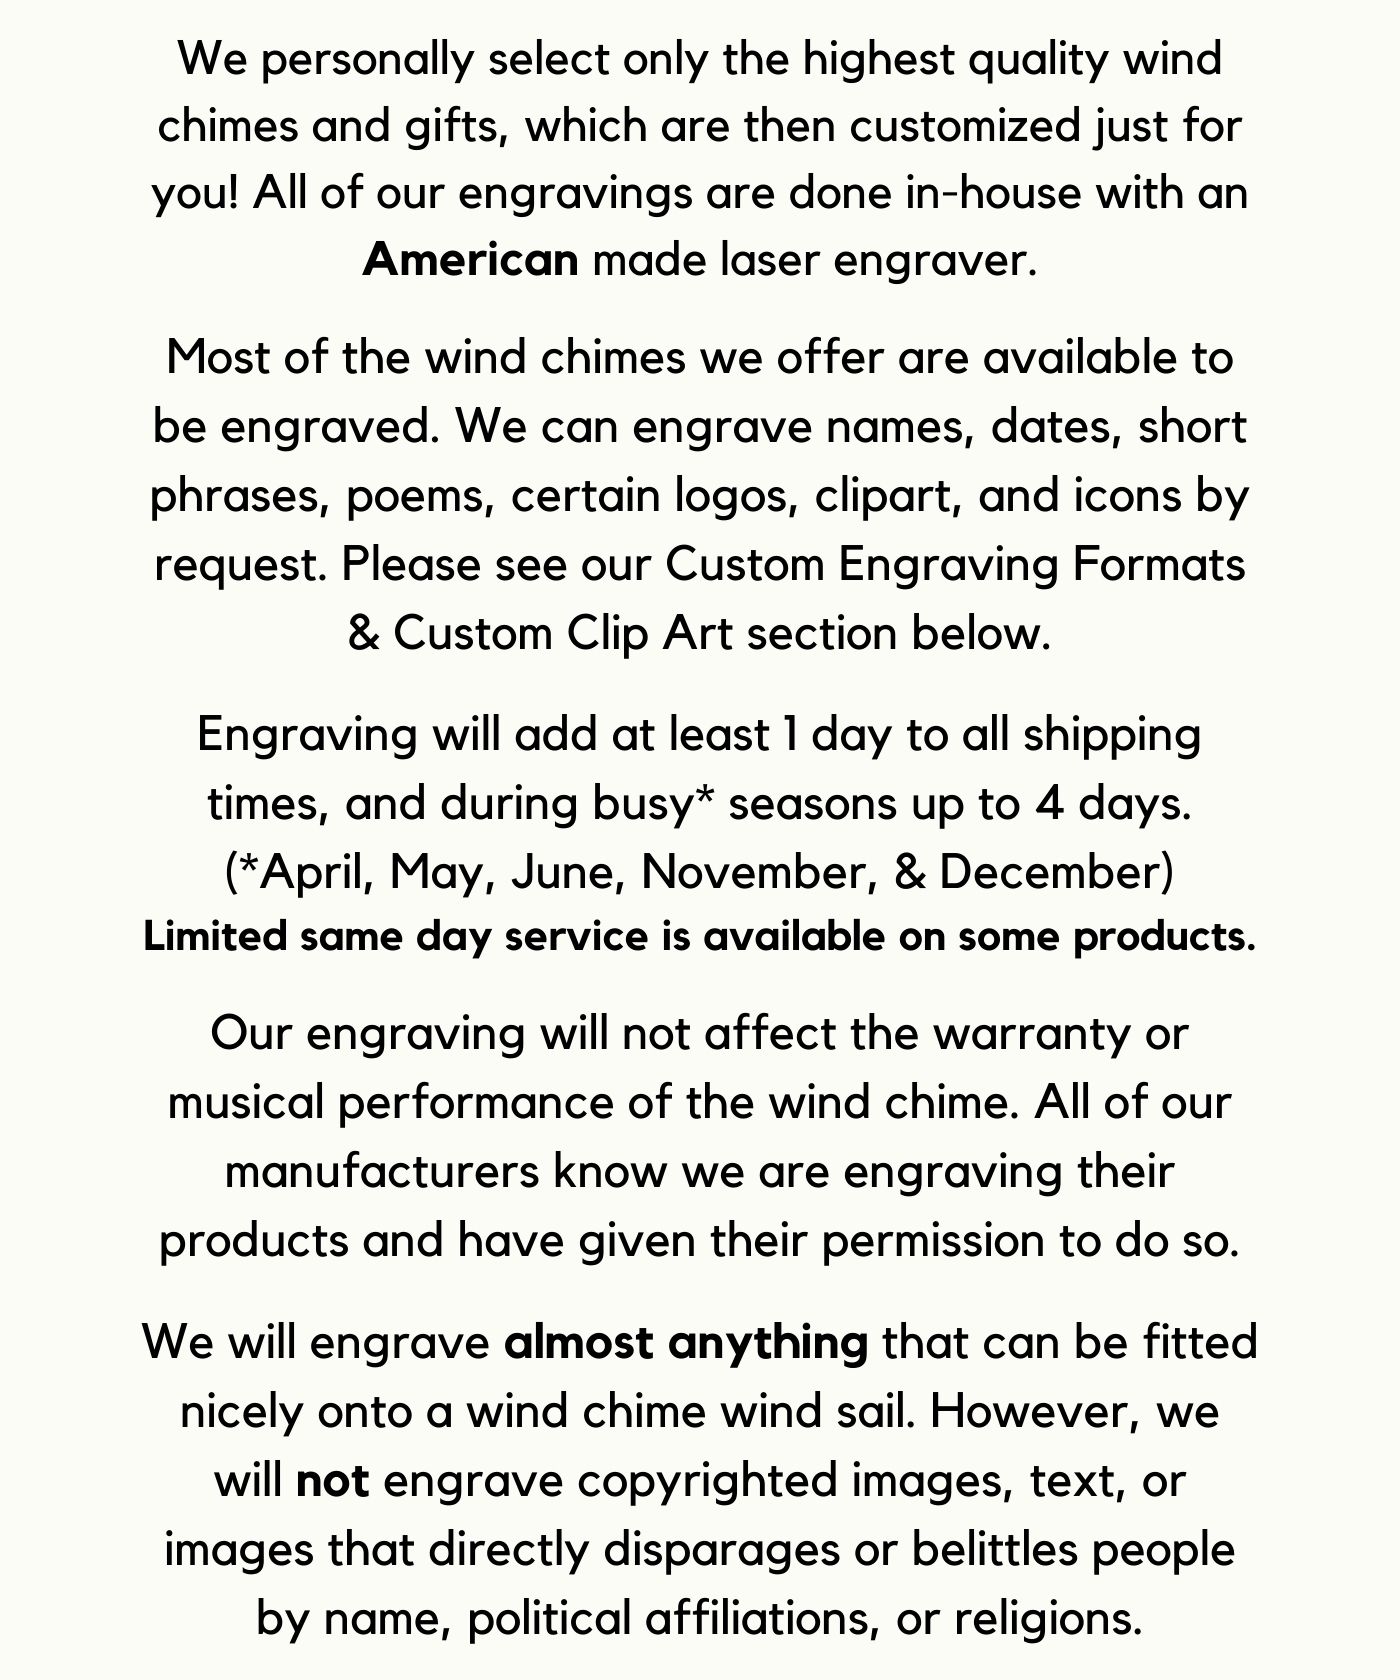 We personally select only the highest quality wind chimes and gifts, which are then customized just for you! All of our engravings are done in-house with an American made laser engraver. Most of the wind chimes we offer are available to be engraved. We can engrave names, dates, short phrases, poems, certain logos, clipart, and icons by request. Please see our Custom Engraving Formats & Custom Clip Art section below. Engraving will add at least 1 day to all shipping times, and during busy* seasons up to 4 days.
(*April, May, June, November, & December)
Limited same day service is available on some products. Our engraving will not affect the warranty or musical performance of the wind chime. All of our manufacturers know we are engraving their products and have given their permission to do so. We will engrave almost anything that can be fitted nicely onto a wind chime wind sail. However, we will not engrave copyrighted images, text, or images that directly disparages or belittles people by name, political affiliations, or religions.

About this exercise — Only the lines from where the data begins to the line with "(*April, May, June, November, & December)", both of them included, should be reproduced word for word; no pictures.

Response to the exercise —
 We personally select only the highest quality wind chimes and gifts, which are then customized just for you! All of our engravings are done in-house with an American made laser engraver. Most of the wind chimes we offer are available to be engraved. We can engrave names, dates, short phrases, poems, certain logos, clipart, and icons by request. Please see our Custom Engraving Formats & Custom Clip Art section below. Engraving will add at least 1 day to all shipping times, and during busy* seasons up to 4 days.
(*April, May, June, November, & December)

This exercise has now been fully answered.